Earlier this year, Giordano was blogging the primaries on a RuralVotes page called The Field (see this and this). But recently, claiming censorship, he took it down and moved it to his own site. Now he wants the credentials to the Democratic National Convention that had been awarded to The Field when it was based at RuralVotes, claiming — with quite a bit of statistical evidence — that his readers have followed him to his new location.

There doesn’t seem to be anything on the old site giving the RuralVotes side of this dispute. As best as I can tell, The Field has been renamed The Back Forty. If anyone would like to respond to Giordano’s charges, I would be glad to post it.

Giordano is an astute political observer and a dedicated rabble-rouser. I wish him well.

The Clintons and Colombia

Hillary Clinton got rid of demoted her chief strategist, Mark Penn, after it was revealed that Penn was working for a free-trade agreement with Colombia that Clinton opposed. But the larger issue, I argue in my latest for the Guardian, is the Clintons’ longstanding ties to Colombian president Álvaro Uribe and their indifference toward his miserable human-rights record.

The Colombian primary

My old Boston Phoenix colleague Al Giordano reports in the Narco News Bulletin that Colombia’s president, Álvaro Uribe, a right-wing despot with a deplorable human-rights record, is deeply worried about the possibility that Barack Obama will become president. Giordano writes:

[T]he Clinton organization has a long history of backing — politically and economically — the Colombian far right, its narco-politicians and paramilitary death squads, of whom Uribe is supreme leader. In 2000, then-US president Bill Clinton went on Colombian national TV to announce “Plan Colombia,” the multi-billion dollar US military intervention that keeps Uribe and his repressive regime in power to this day.

According to Giordano’s report, Uribe’s human-rights record is so bad that it recently attracted the attention of Human Rights Watch and a number of other religious and humanitarian organizations. Last year, Giordano notes, Al Gore decided not to attend an environmental meeting in Miami because he didn’t want to share the stage with Uribe, who has been linked to right-wing death squads.

The Clintons, on the other hand, have continued to be ardent supporters of Uribe, with the former president accepting an award from the Colombian government last year.

The Uribe matter has made it into the mainstream media, with the Associated Press running a story on Thursday.
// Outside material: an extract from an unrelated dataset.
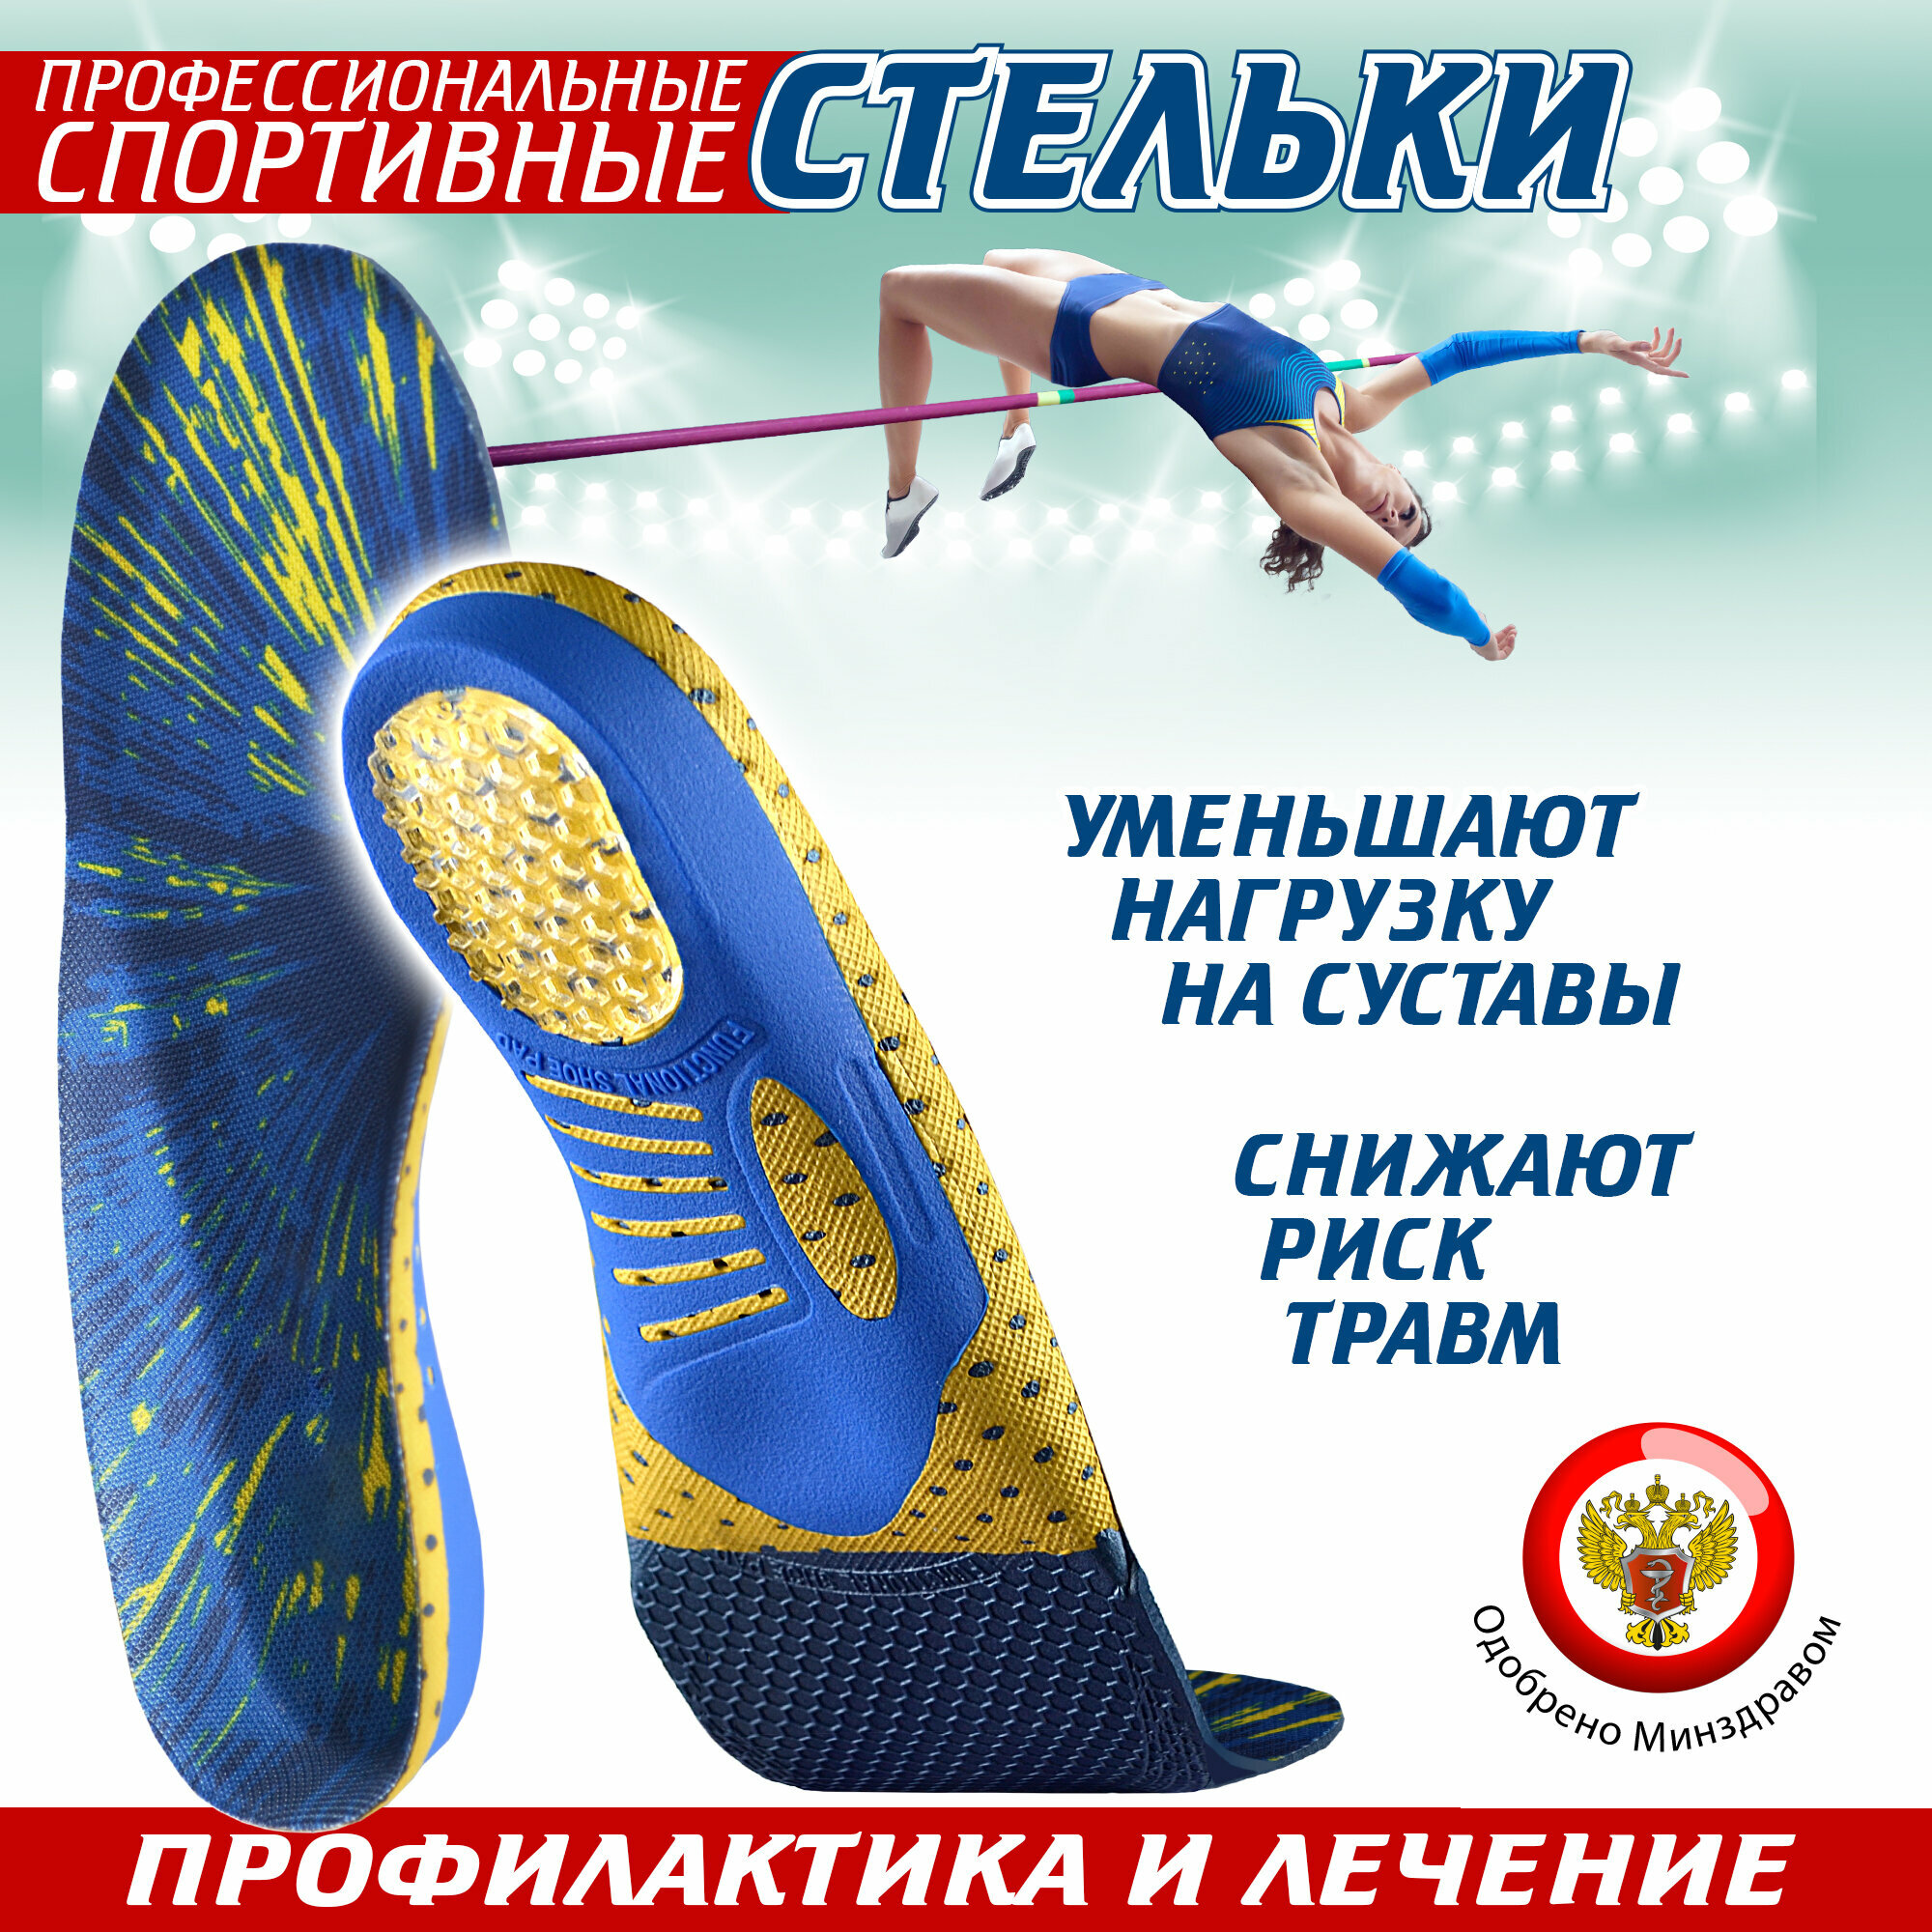 Ортопедические стельки спортивные Sport, для обуви (38)

But the AP emphasizes Uribe’s displeasure over Obama’s opposition to a U.S.-Colombia free-trade agreement — never mentioning, as Giordano observes, that Hillary Clinton has said she opposes the agreement as well.

This is an important story that almost certainly won’t get the attention it deserves.

More: Ben Smith of the Politico reports that the Colombian government no longer requires the services of Clinton strategist Mark Penn.

An ugly Democratic split

My former Boston Phoenix colleague Al Giordano, on leave from the Narco News Bulletin, has been blogging the presidential campaign this winter. He’s got a particularly detailed and perceptive post on the Nevada Democratic caucuses, in which he offers some thoughts — backed up by first-hand reporting — on the increasingly ugly split between pro-Obama African-Americans and pro-Clinton Latinos. Giordano writes:

Now, I’m a connoisseur of ugliness in all its forms, I find it mostly entertaining, but the part of yesterday’s caucus that was so ugly as to be distressing was to see the Hispanic and black communities so polarized: The Clinton caucusers were predominantly Hispanic-American and the Obama caucusers were predominantly African-American — most on both sides were women — and they shouted and taunted each other with boos, cat-calls, hisses, thumbs down, and at one point one man on the Obama side began chanting, “I did not have sex with that woman!”

He concludes: “Frankly, unless events conspire during this 2008 Democratic primary process to reverse those truly ugly developments, any Democrat that thinks that November is already won is a fool that is not to be taken seriously from here on out.” (Thanks to Media Nation reader C.M.)